# Bad transmition



## KDragon (Oct 9, 2006)

I just found out i have a bad transmition and got an estimate of $1,584

Heres the breakdown

Used trans $1,012  
Fluid $48
Misc $48
Shop sullplies $22

Labor

$378

Is this a realistic price? any tips on finding a used trans?


----------



## southcuban (Oct 30, 2006)

dont feel that bad mine is a 93 trannys slowly goin it will shift hard coming out or goin in to second gear. but i would say if u want a used tranny then a junk yard would be a good bet or maybe a shop would have an i dea where to get one.. i know napa sells engeins and probly trannys but used im not to sure of and are you doing it your self i mean thats what it comes down to but under 2k is not bad my van i replaced the tranny and it was a rebuilt that cost around 3-4.5k to do so 1.5k is not bad at all.


----------



## KDragon (Oct 9, 2006)

Yeah thing is its a 5 speed manual iv never head of any one iv ever know having to replace a maual trans.

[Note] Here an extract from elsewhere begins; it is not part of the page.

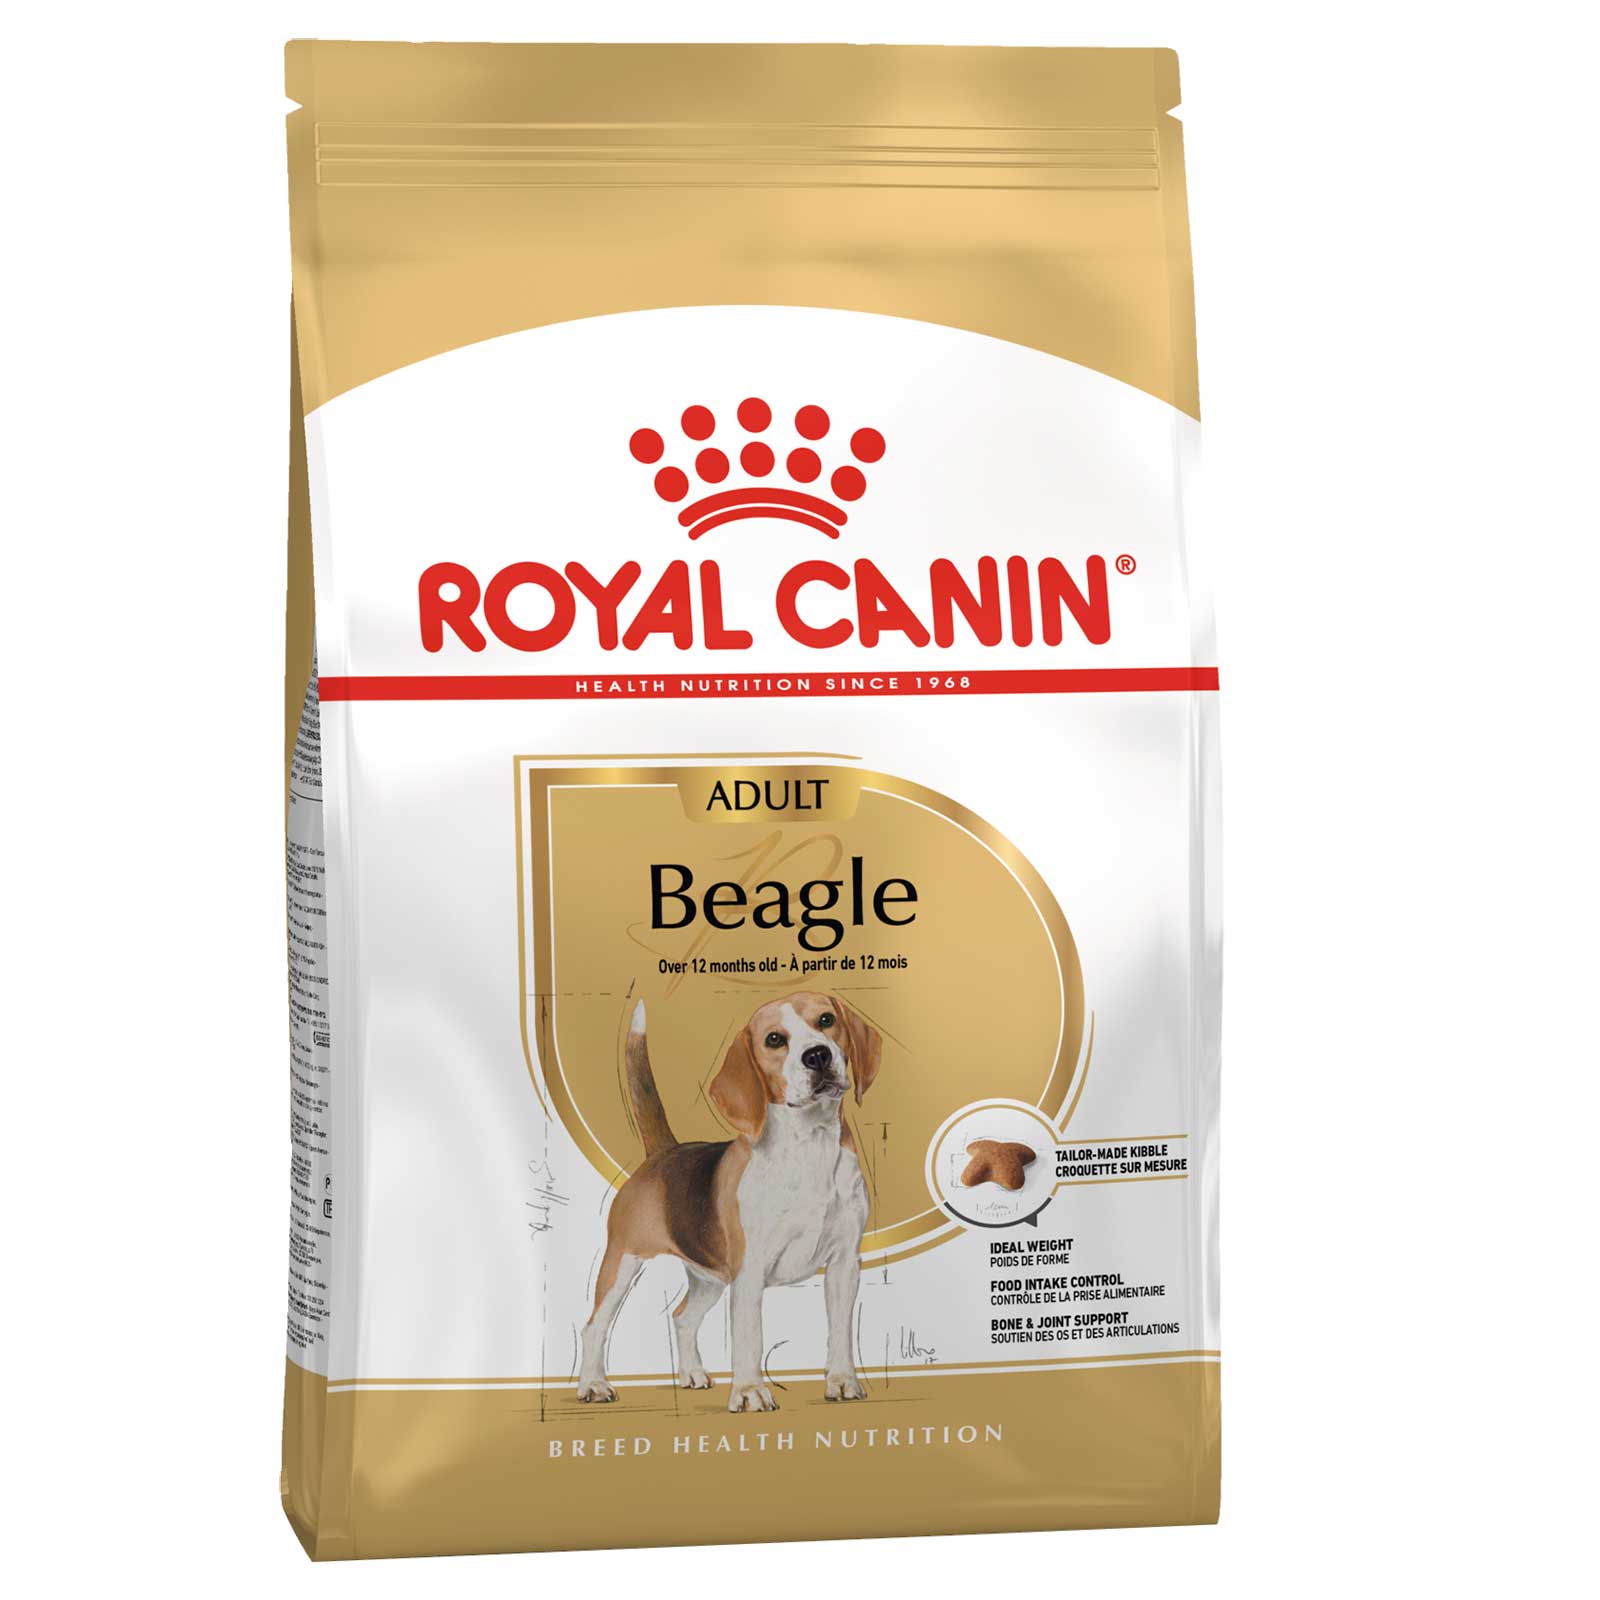 Royal Canin Dog Food Adult Beagle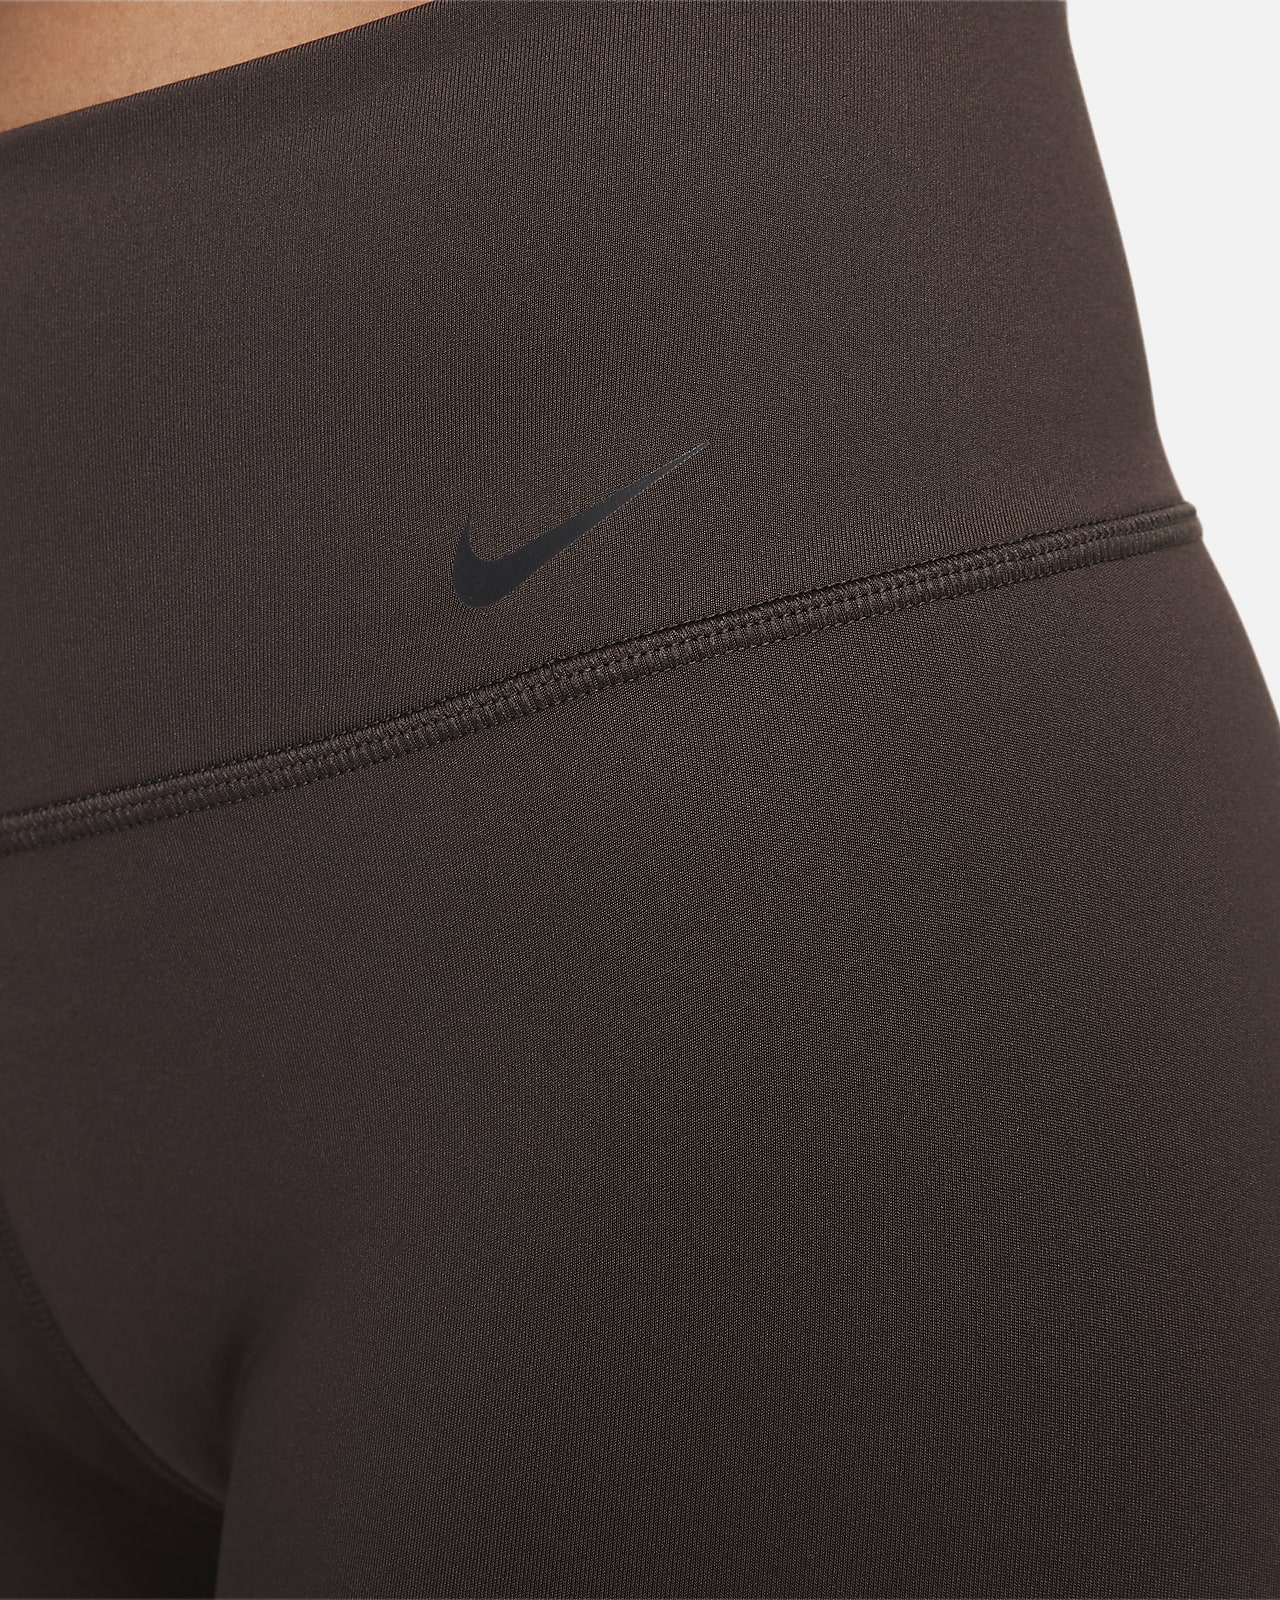 Nike Power Classic Long Pants Grey

Also I just bought the car for $1850. IDK if its worth it. and as for doing it my self HA i dont have any of the tools or know how to do somthing like that.


----------



## LONDONDERRY (May 19, 2004)

How do you know your tranny is bad? and who told you?


----------



## southcuban (Oct 30, 2006)

im woundering cause he now said a 5spd if the clutch is fried or possilbe the master cyclender is just gone


----------



## KDragon (Oct 9, 2006)

The clutch feels fine. There is a loud rubbing like sound and i see/hear a tick here and there from the shifter pluse the shifter sticks in gear now and then.


----------



## KDragon (Oct 9, 2006)

Someone suggested i i go to a guy and see if he can rebuild my transmission. Do you guys think this would be cheaper? Also if it was rebuilt can i expect to get many more miles?


----------



## LONDONDERRY (May 19, 2004)

Thats not good enough in trouble shooting to warrent a tran. job as someone suggest to you.
Altima transmission are built to last and well engineered, I have over 200k miles on mine and it runs fine as others. If your bringing your car to AAMCO I have yet to hear them say anything besides "you need to rebuild your transmission". If you feel like your unsure about the condition of your tran. bring it to a reputable Nissan dealer first.


----------



## southcuban (Oct 30, 2006)

i have sat and talked with a few people no one has hurd of a bad transmissions for an altima better yet a manuel tranny


----------



## WhiteFox (Sep 4, 2002)

mine went to hell, but mostly from lack of gear oil.  Got VERY crunchy... and very broken.


----------



## vader3120 (Nov 12, 2006)

the only thing that i can think of going bad under normal driving condtions would be the clutch or flywheel. I have heard of someone breaking a fork, but he was boosted. At the worst you would need a new synchro.


----------



## KDragon (Oct 9, 2006)

I just talked to a mech the other day and he took it for a drive and thought it was some bearings. this would be cheaper than the rebuild or replacement by far. do you think this is a possible problem? also i think like two people learned to drive stick on this clutch as well as many others before that. So im going to let him do his thing and get a heavy duty ACT clutch.


----------



## Asleep (Jan 19, 2003)

vader3120 said:


> the only thing that i can think of going bad under normal driving condtions would be the clutch or flywheel. I have heard of someone breaking a fork, but he was boosted. At the worst you would need a new synchro.


ive broken forks and input shafts... nasty business...


----------



## KDragon (Oct 9, 2006)

Well it turnd out that all 6 input drive shaft bearings (i think thats what he said) needed to be replaced.


----------



## deadman93 (Aug 13, 2007)

check ebay for wrecked parts cars or junk yards!


----------